Abstract| Volume 14, ISSUE 4, SUPPLEMENT , S14, April 2013

Pain prevalence and pain management practices in a university hospital: a descriptive, point prevalence study

      Pain is both prevalent and severe in hospitals with subsequent delay in recovery and diminished quality of life. The aim of this descriptive, point prevalence study was to assess pain prevalence and pain management practices in a University hospital. Data were collected with the Icelandic version of the American Pain Society Patient Outcome Questionnaire and from medical charts. The time frame was the past 24 hours. Included were patients hospitalized for ≥24 hours, ≥18 years old, Icelandic speaking, alert, and able to participate.

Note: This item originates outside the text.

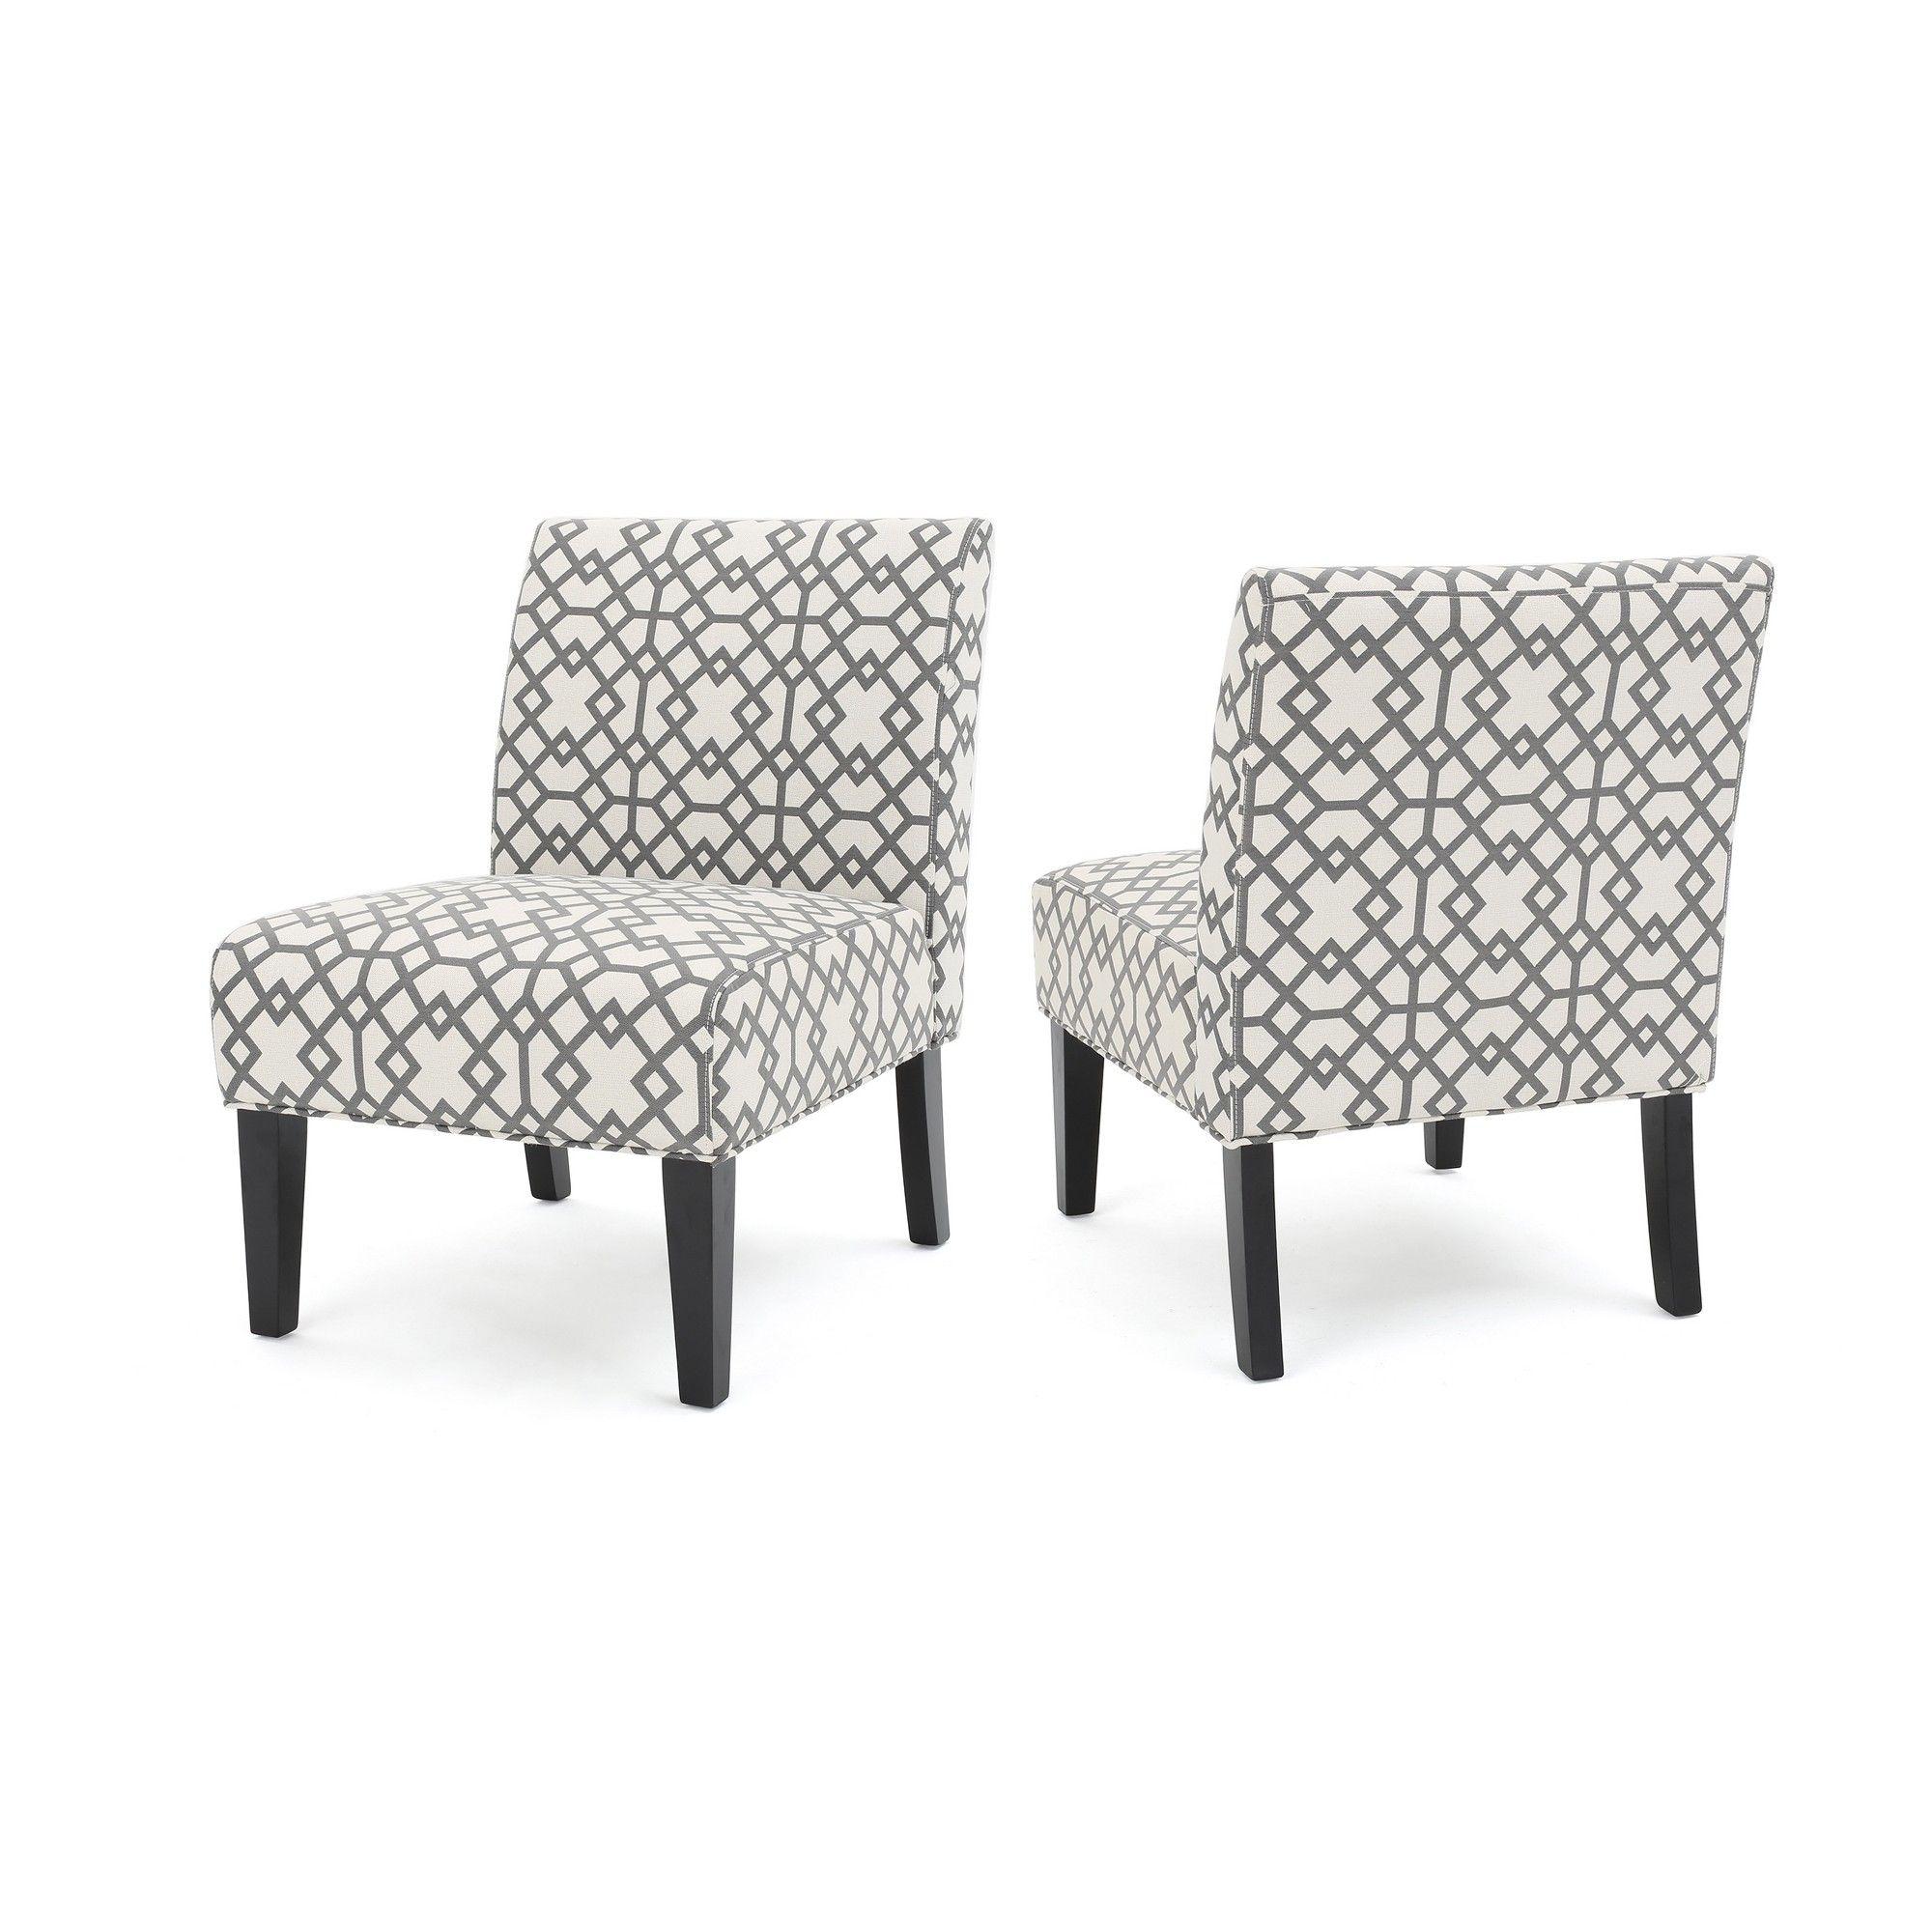 Terrific Set Of 2 Kassi Accent Chair Geometric Patterned Gray Inzonedesignstudio Interior Chair Design Inzonedesignstudiocom

The response rate was 76.8%. Participants’ (N=368) age ranged from 18-100, the mean age was 67.6 years (SD = 17.4) and 50.6% were women. The mean worst pain severity (0-10 scale) was 4.5 (SD=3.2), and 80.4% of patients reported pain in the past 24 hours (≥1 on 0-10 scale). Severe pain (≥7 on 0-10) was reported by 33.0 % of participants. The mean worst pain severity of patients in pain was lower in men, 5.2 (SD=2.5) compared to women, 6.0 (SD=2.4), p<0.05. Pain prevalence was higher in women (87.2%) compared to men (78.1%), in patients 18-74 old (86.8%) compared to 75 years and older (77.6%), and on surgical services (90.5%) compared to medical (76.3%), p<0.05. The majority of patients (67.6%) received pain medications in the past 24 hours, and 34.4% used non-pharmacological methods to treat their pain, most often distraction (38.7%). Pain assessment with standardized methods was performed in 11.5% of participants, and in 37.2% the Pain Management Index was negative, indicating inadequate treatment. The pain prevalence was high in the hospital and a considerable proportion of patients had experienced severe pain in the past 24 hours. Standardized pain assessments were rare and pain treatment was insufficient in many instances. The pain management needs to be improved. The study was sponsored by the Icelandic Research Fund.